A reduction in Brazil's export price competitiveness in August may provide a chance to pick up last-minute sales

The United States’ 2022-23 corn marketing year is one week away from concluding and it’s clear the US Department of Agriculture’s projection will not be met amid uncertainty surrounding its top two buyers, but a reduction in Brazil’s export price competitiveness in August may provide an opportunity to pick up last minute sales, according to market sources.

US export figure recap

US accumulated exports as of the week ending August 17 amount to 38.29 million tonnes, down 34% from 57.74 million tonnes a year ago.

At this point in the prior marketing year, corn exports during the equivalent week at 57.74 accounted for 97% of the 2021/2022 total of 59.76 million tonnes.

Looking at current numbers, exports of 38.29 million tonnes are 93% of this marketing year’s projected figure of 41.28 million tonnes.
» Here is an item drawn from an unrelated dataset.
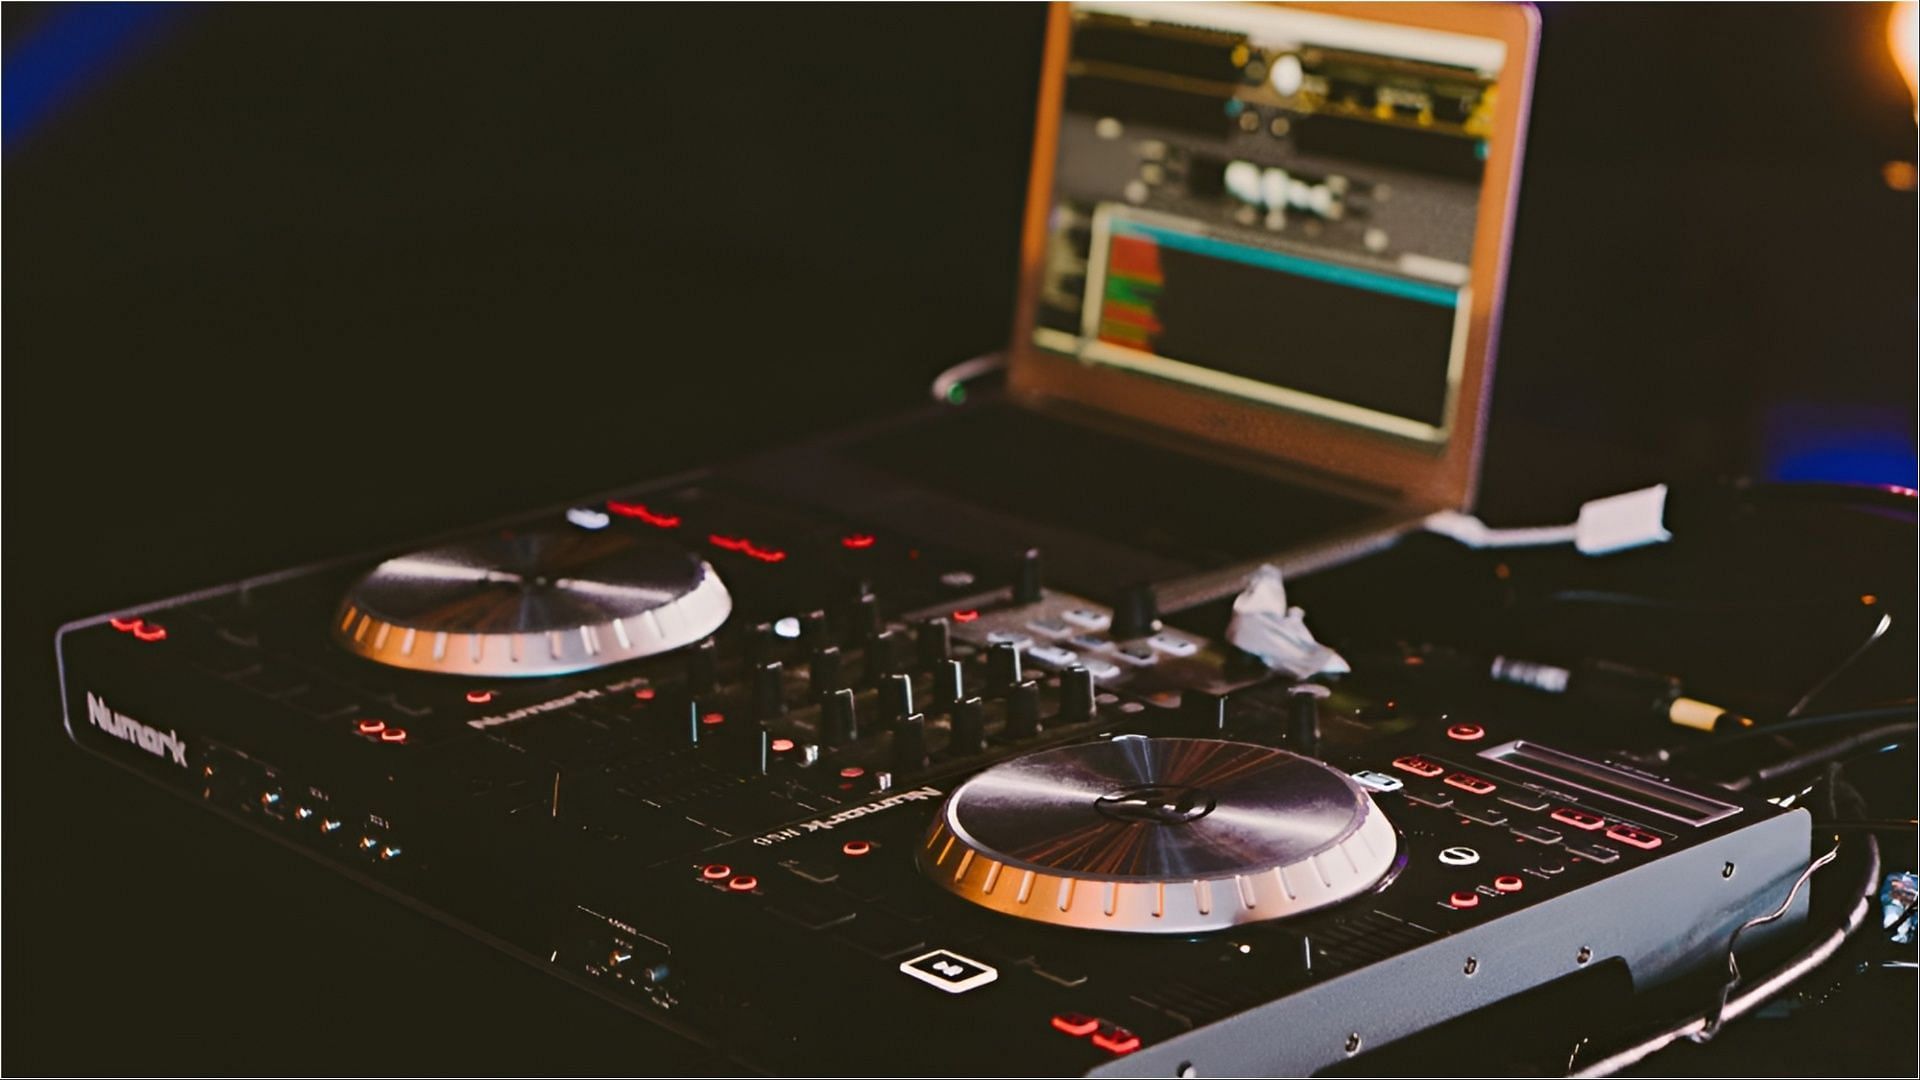 A Georgia-based DJ was recently found dead inside his residence along with his wife (Representative image via Unsplash)

This means that with just a week to go until the new marketing year, US exports are 2.99 million tonnes short of meeting the USDA’s estimate for the current 2022-23 marketing year of 41.28 million tonnes.

Even with the listed outstanding sales of 2.23 million tonnes, US exports would still land some 700,000 tonnes short.

Chinese corn imports

Despite active buying earlier in the year, Chinese corn purchases have trended lower over the past three years and US purchases from the Asian giant just haven’t been there.

China imported 1.68 million tonnes of corn in July, with the bulk of imports supplied by the US at 871,733 tonnes – 29% lower than in June and 42% less than a year ago, data released Sunday by China’s General Administration of Customs (GACC) showed.

During this time last year, exports for the marketing year totaled 13.79 million tonnes, or 24% of the total.

As of August 17, Chinese buying during the current marketing year amounted to 7.54 million tonnes, 45% lower year on year.

The sum accounts for 20% of exports so far and 18% of the USDA projected total export figure for 2022-23, which ends on August 31.

Heavy rains in the Northeastern region of China this week have caused more flooding in corn production areas, adding to damage endured earlier in the month, but the extent of the damage and if it will trigger any US corn buying is unclear.

Mexican corn imports

The United States’ historically most reliable trading partner, Mexico took back from China the spot of top US corn purchaser during the 2021-22 marketing year, accounting for 28% of total purchases, followed by China with 24%.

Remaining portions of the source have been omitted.